++++ AVAILABLE DATA ++++
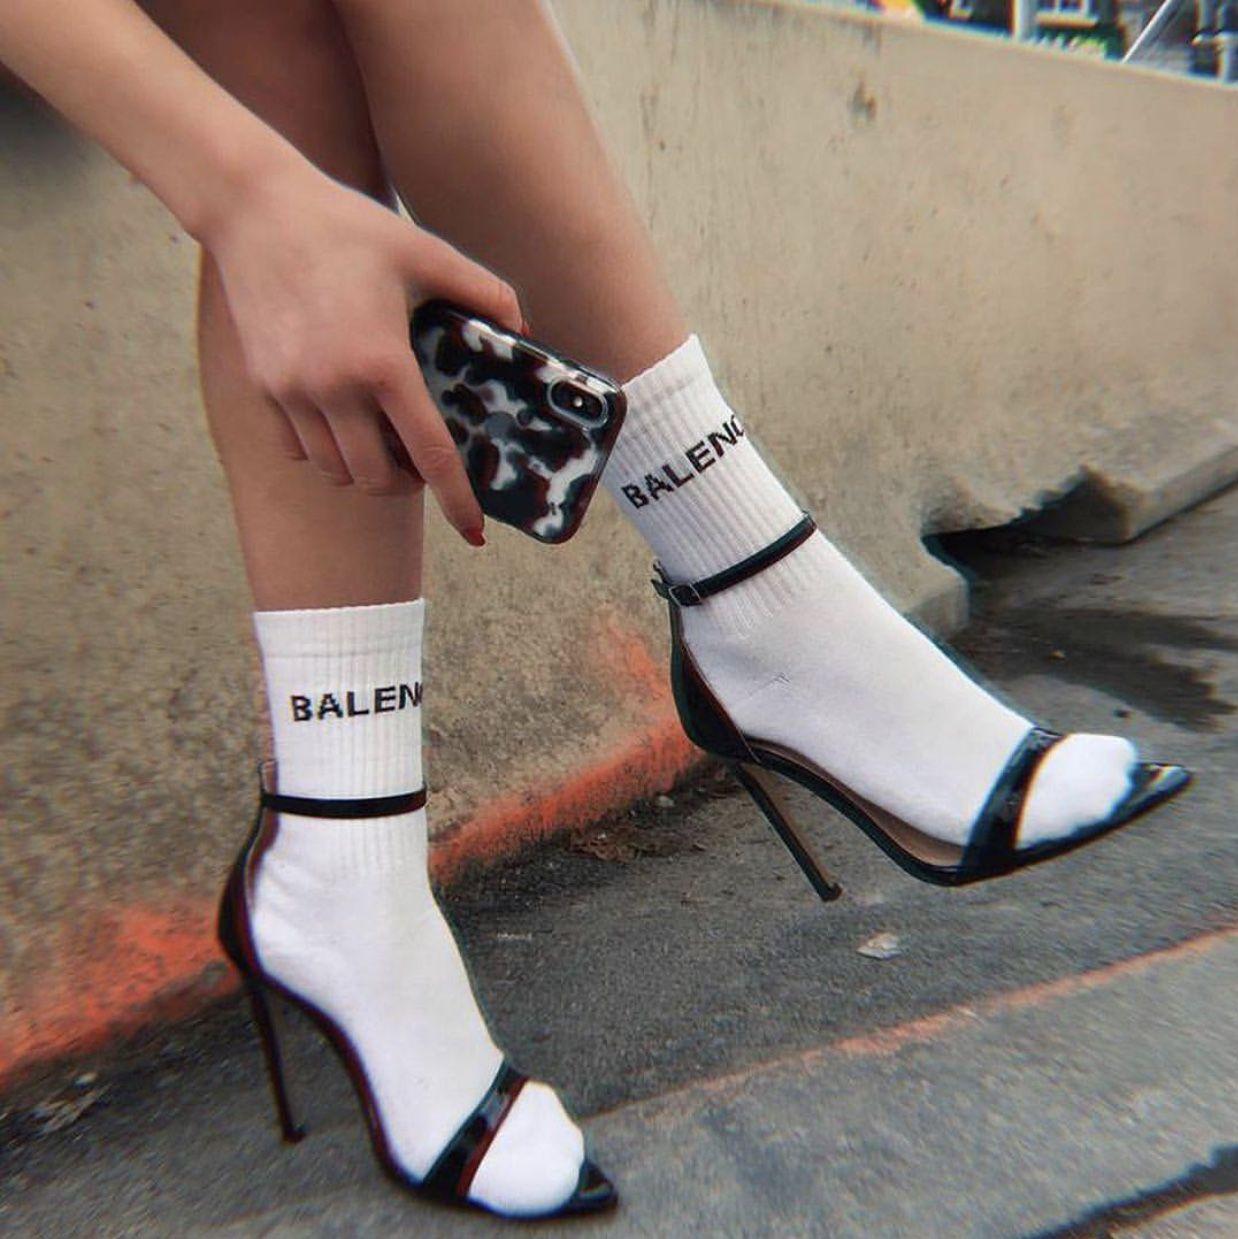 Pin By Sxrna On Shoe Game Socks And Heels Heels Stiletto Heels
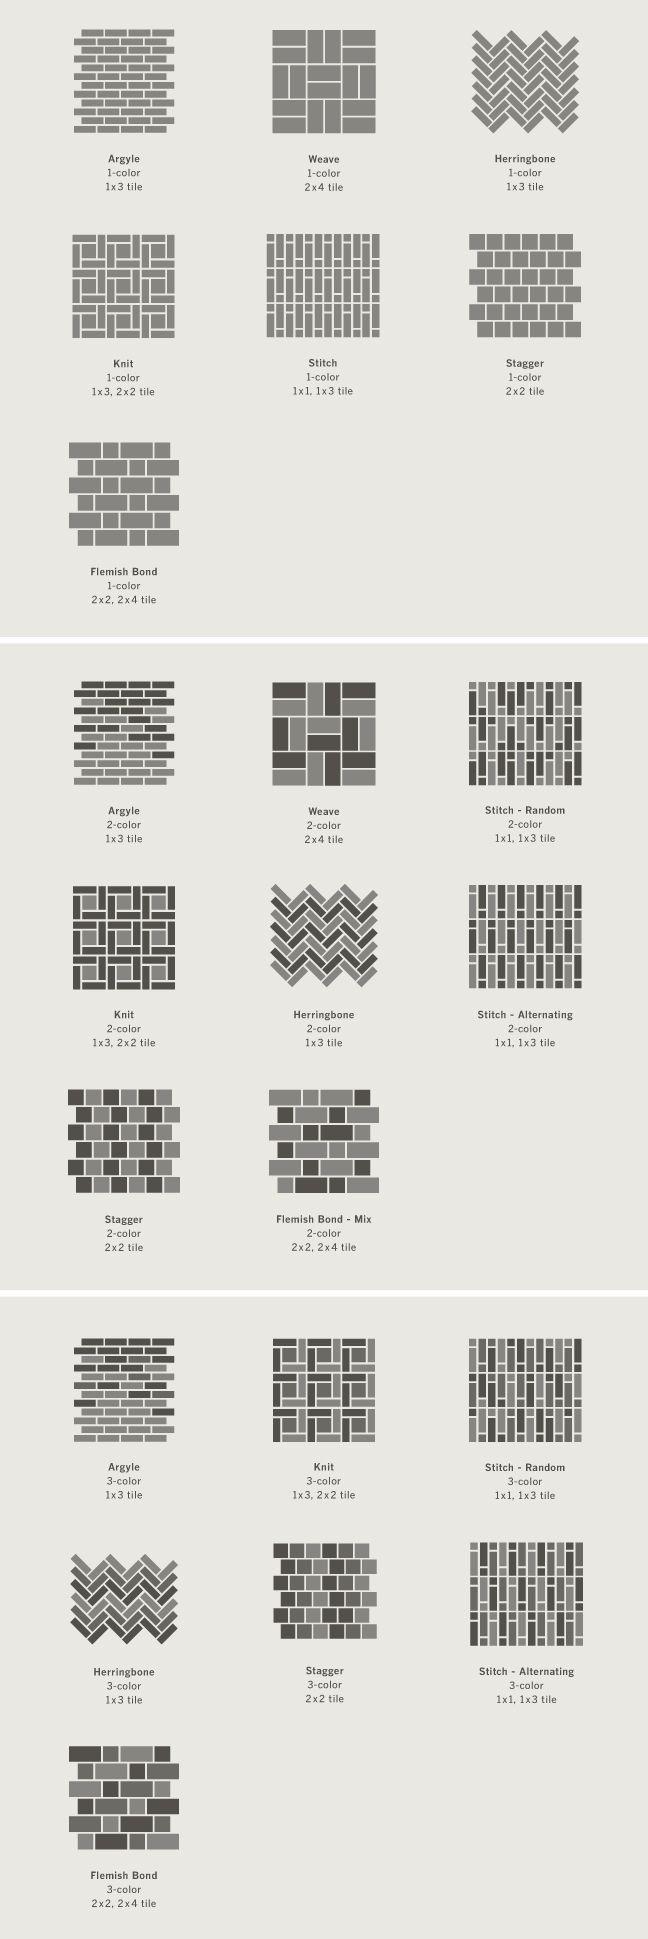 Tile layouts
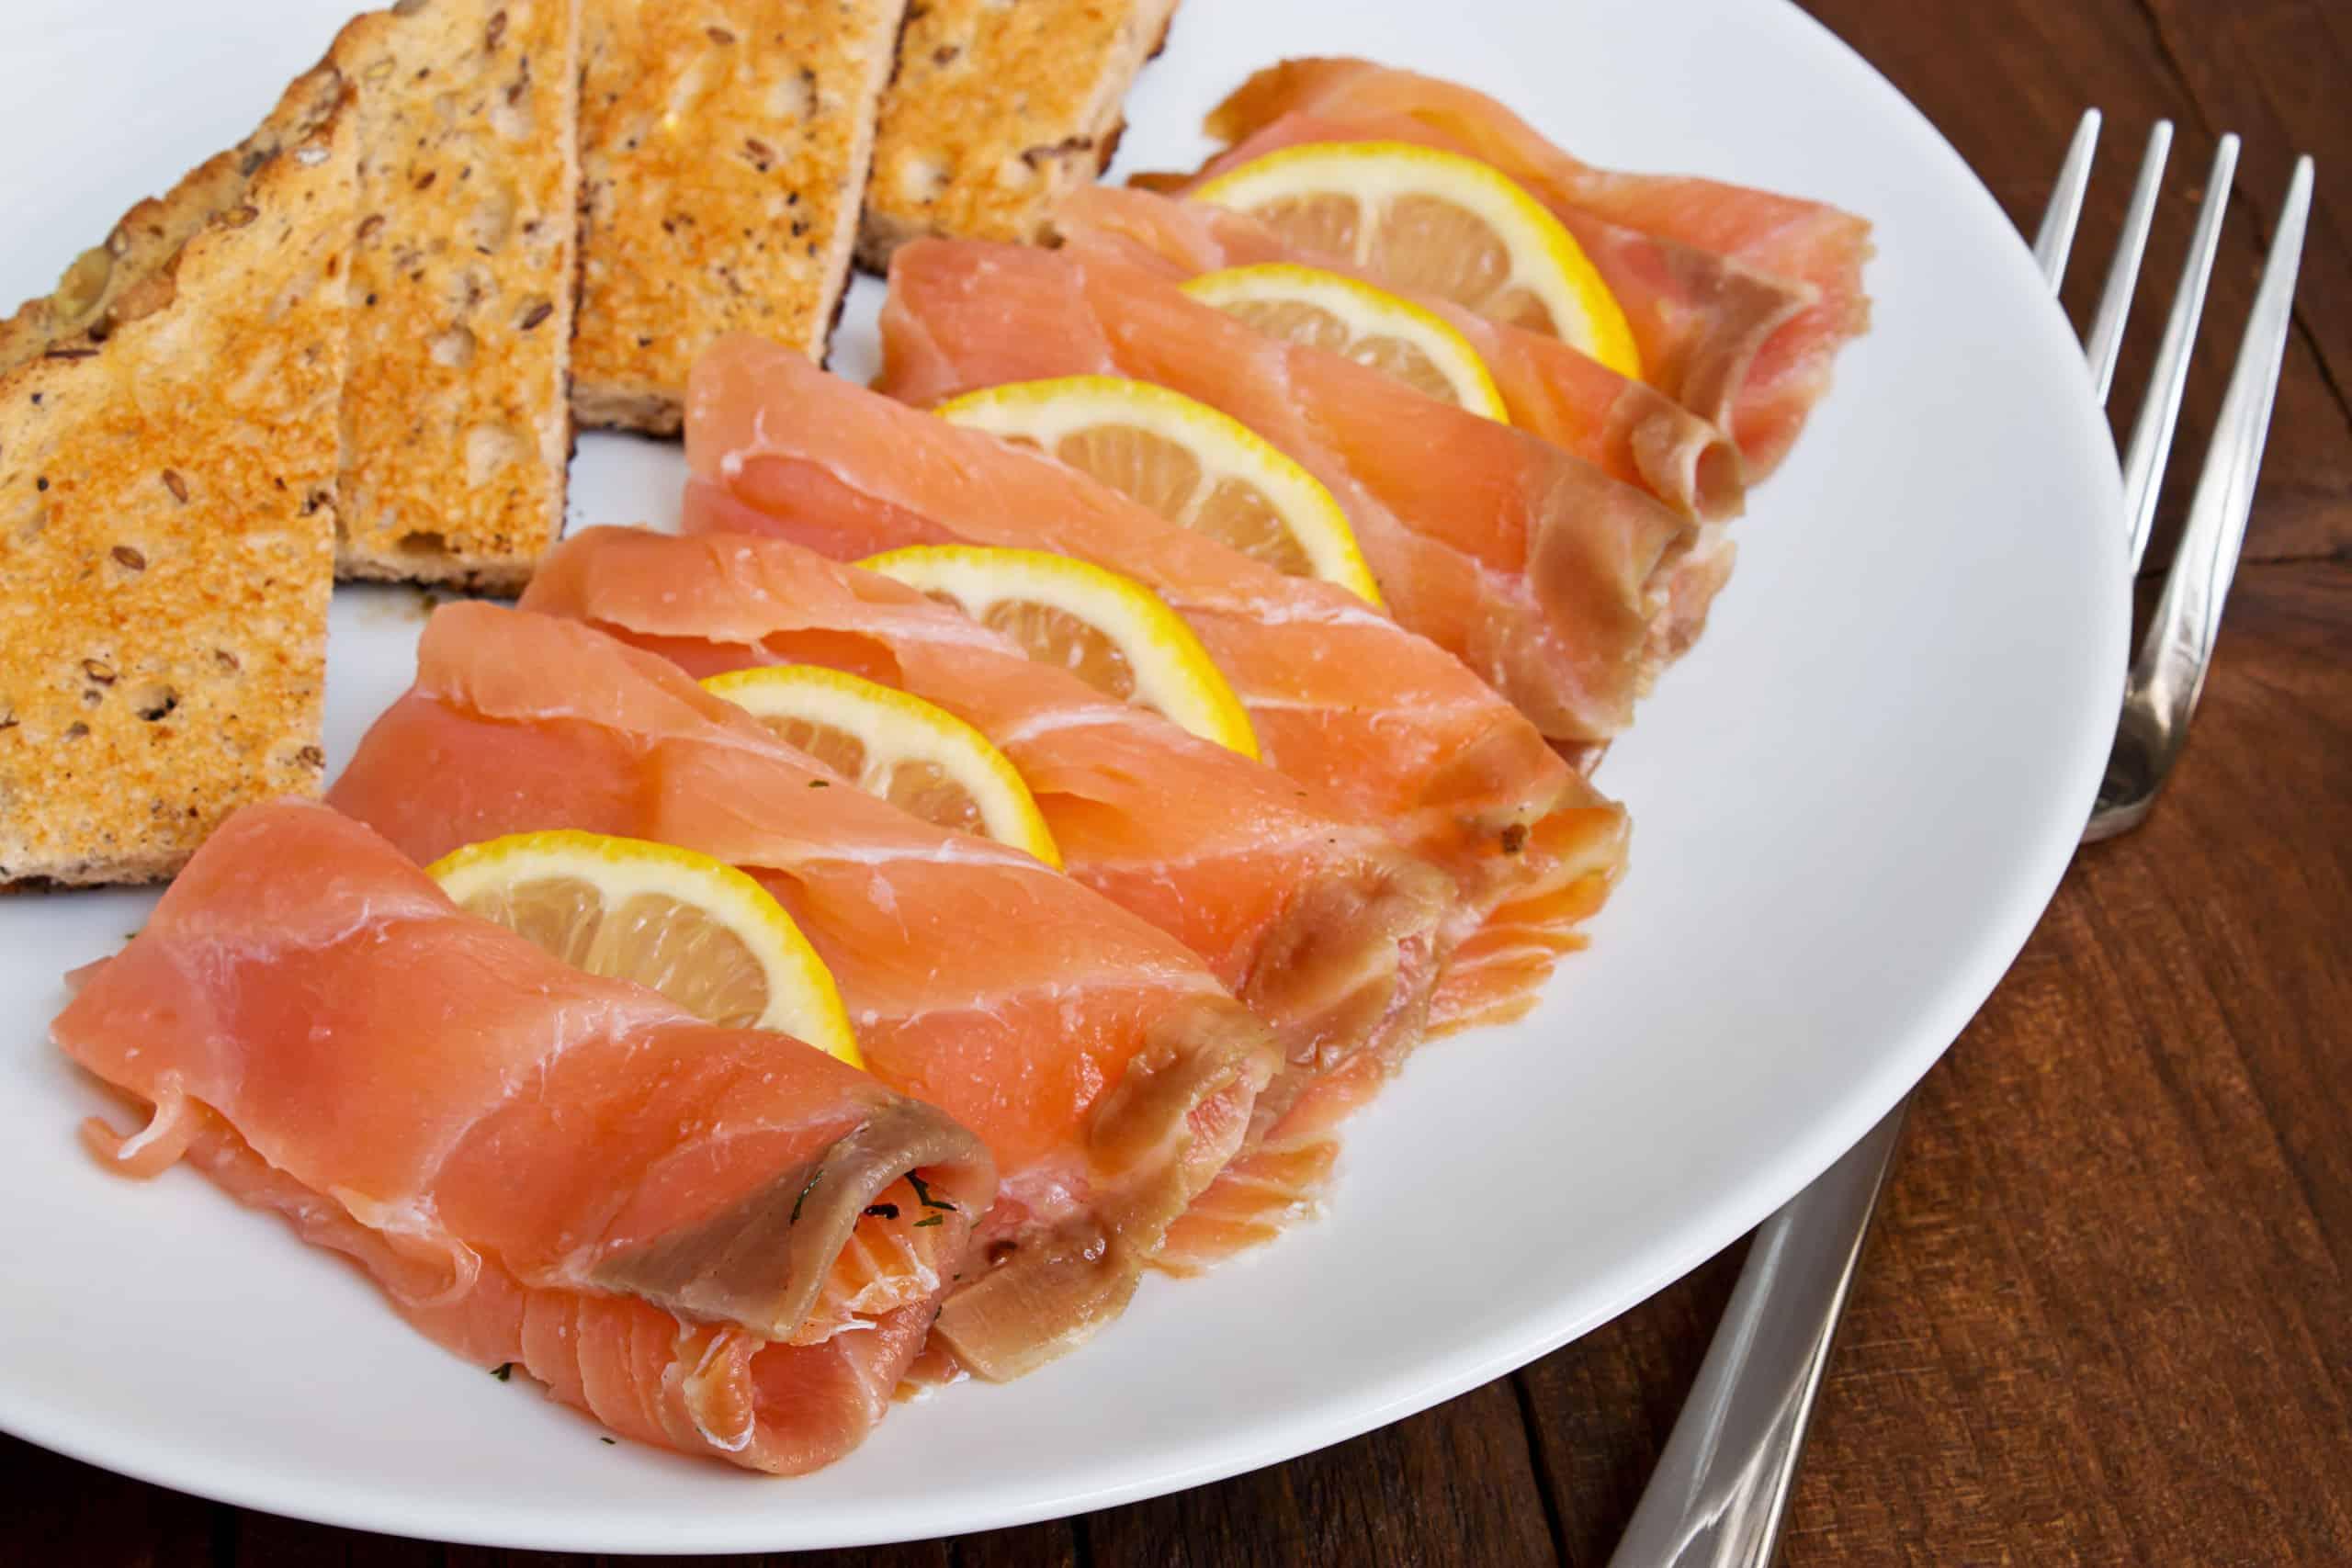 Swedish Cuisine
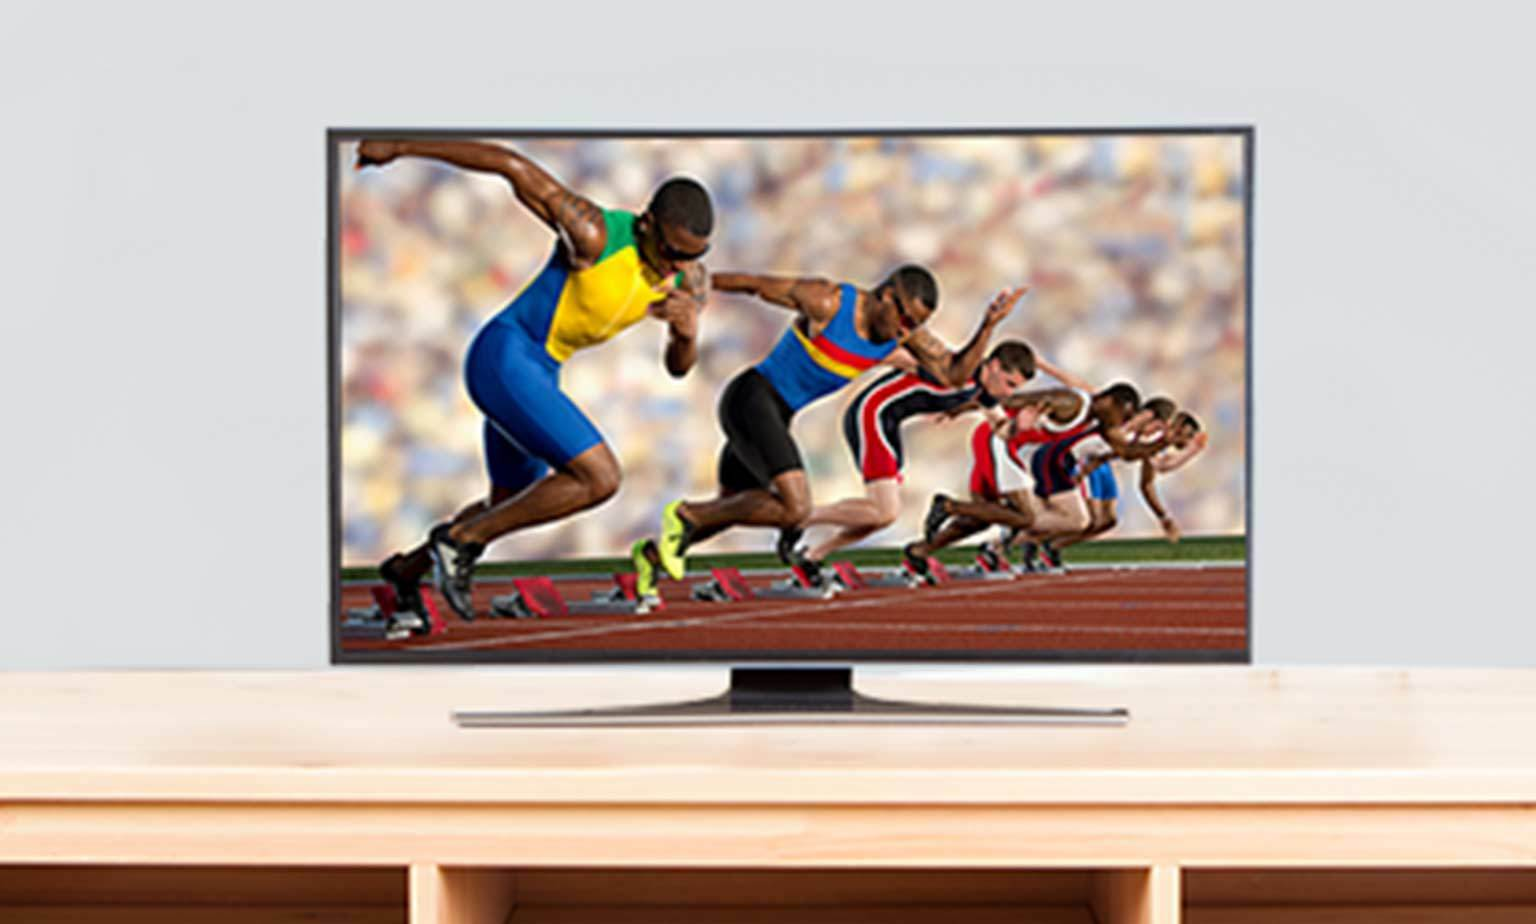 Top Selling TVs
++++
# [ACTION ITEM]
The listing above must be repeated exactly. Its pictures are not part of the copy.

# [RESPONSE TO THIS EXERCISE]
 Pin By Sxrna On Shoe Game Socks And Heels Heels Stiletto Heels
 Tile layouts
 Swedish Cuisine
 Top Selling TVs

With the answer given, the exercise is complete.